4

We are currently working across our environment and disabling all ways that an HP server can automatically reboot. This is in response to a massive outage which caused our servers to begin flapping, causing a service outage for several million customers. The request from "on high" is to have the servers shut down, but not reboot until a human can manually guide them back online when the "coast is clear" (we have several geographically redundant sites).

So far, I have identified the following possible causes:

  1. HP ASR automatically reboots a host. This can be disabled by switching off the ASR timer.
  2. Disable automatic-power-on in iLO. I believe this is only triggered when power is removed, and then re-applied to the host.

However, I assume there is yet another configuration that is applied when one of the server sensors passes a critical threshold, for example if the ambient temperature sensor exceeds 40 degrees C. That should absolutely shut down a host, but I'm unsure where the configuration lies to disable the automatic reboot after the ambient temperature drops. Or is this also controlled by HP ASR?

I just want to ensure that there aren't any scenarios that I have forgotten that could bite us in the butt in production.

Any help would be appreciated.

Matthew
  • 2,666
  • 8
  • 32
  • 50
  • This seems like you're trying to minimize or mask the symptoms, which might be valuable if you're also addressing the root cause of the outage. Are you doing that as well? – joeqwerty Oct 14 '16 at 15:26
  • The root cause is already addressed (bad HVAC controllers). However, the opinion from both our engineering and operations teams is that we can no longer trust the environmental control team to know what they are doing. So, we have to engineer our servers to be resilient. We don't really gain any functionality by having automatic recovery in place, so it makes more sense to let our geographic redundancy take over. – Matthew Oct 14 '16 at 15:32
  • 4
    If you're as big an HP customer as you sound like you are, you should have no problem getting an HP resource to clue you in on what options are available on their platform to make an these event shutdown, rather than reboot. Is there a reason you haven't done that? That would have been the first thing I'd have done. "Hey, vendor, we just had an outage for millions of customers. Tell me how to configure your platform to prevent that from happening again." – HopelessN00b Oct 14 '16 at 16:02
  • We've gone that route, but haven't gotten satisfactory answers.
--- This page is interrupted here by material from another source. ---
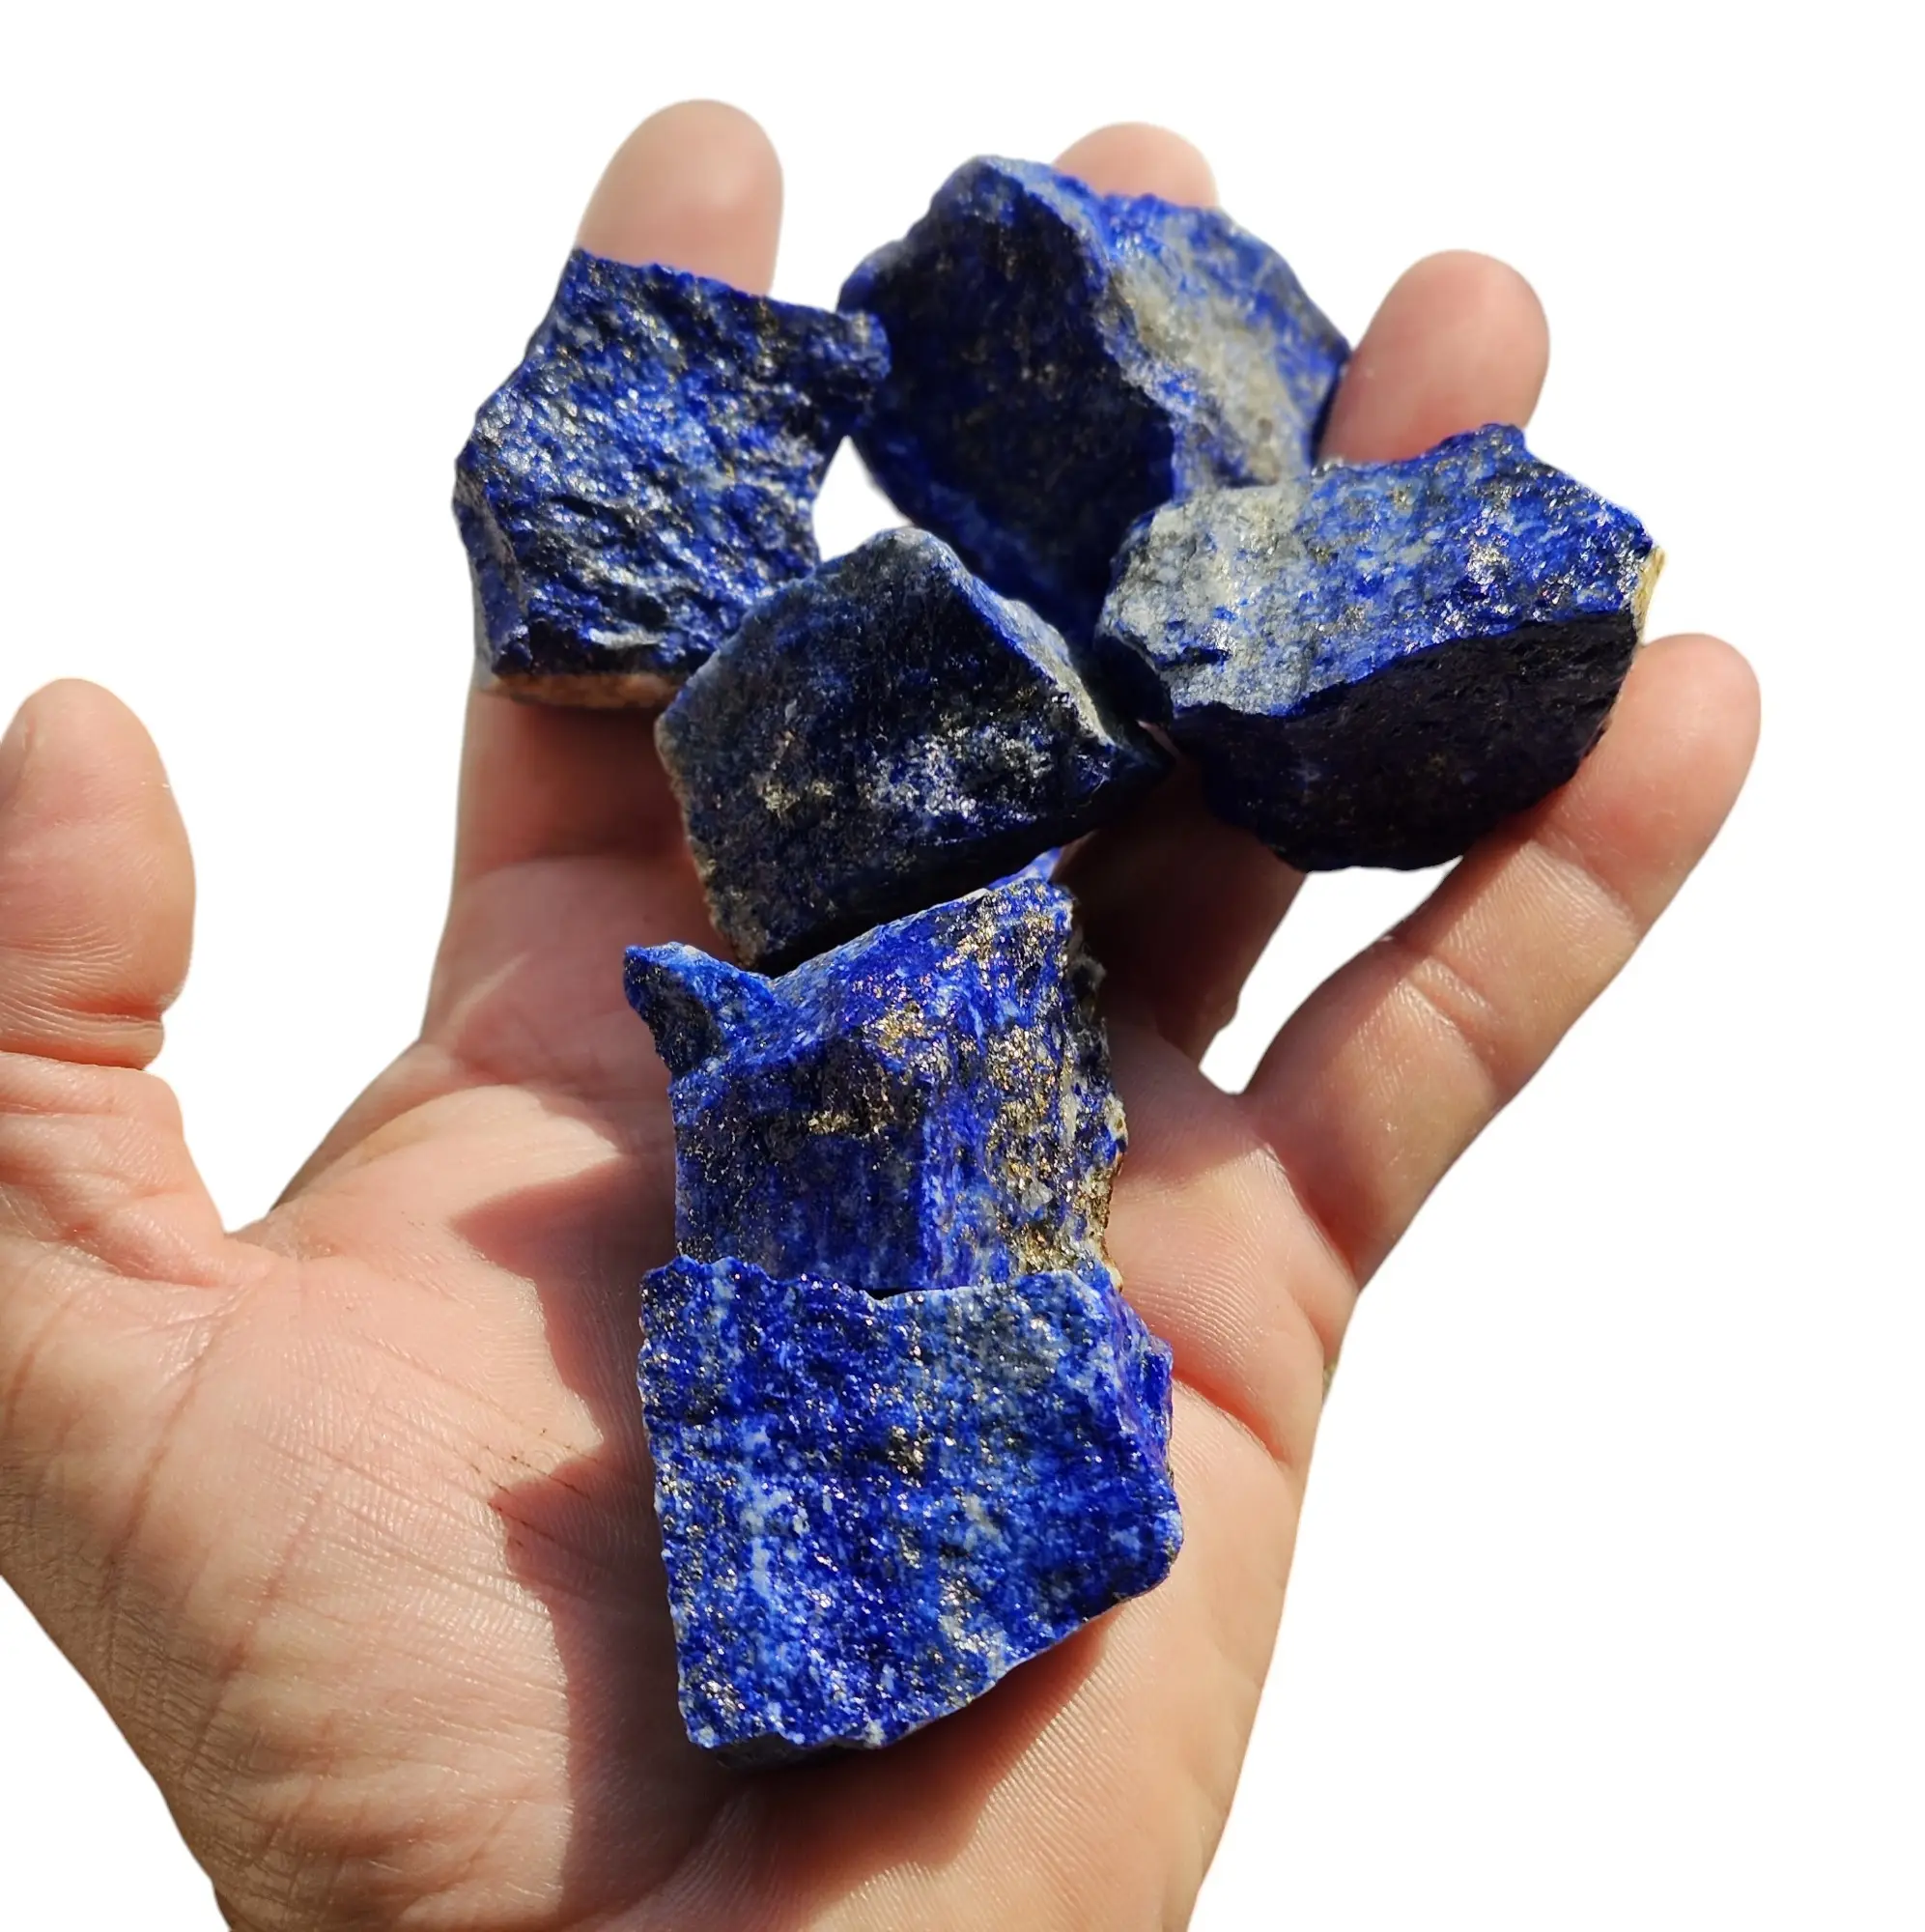 Nguyên liệu tự nhiên Lapis Lazuli 20-35mm nguyên tinh thể tự nhiên mảnh đá quý màu xanh tự nhiên Lapis Lazuli tinh thể chữa bệnh với số lượng lớn

From a corporate standpoint, HP has guaranteed the business (every year they are put through a reverse auction with several other vendors, HP wins) so outside of good response when servers fail, we have had issues getting direct feedback when we need general questions answered. – Matthew Oct 14 '16 at 16:11
  • But there are only so many technical fixes available to you. I'd be curious if you expect that another vendor would have more acceptable options. But seriously, the HP server is doing everything it can to protect your data with three different options available to tweak the behavior. Would Dell or Supermicro have that? _Maybe_, but the fact that it's not clear may indicate that this is a facility and environment issue. – ewwhite Oct 14 '16 at 16:13
  • 6
    Take the decision away from the server. Monitor the environment settings externally and get the external system to issue a standard shutdown command for your OS – Drifter104 Oct 14 '16 at 16:22

1 Answers1

1

The cleanest approach to this is to control your environment.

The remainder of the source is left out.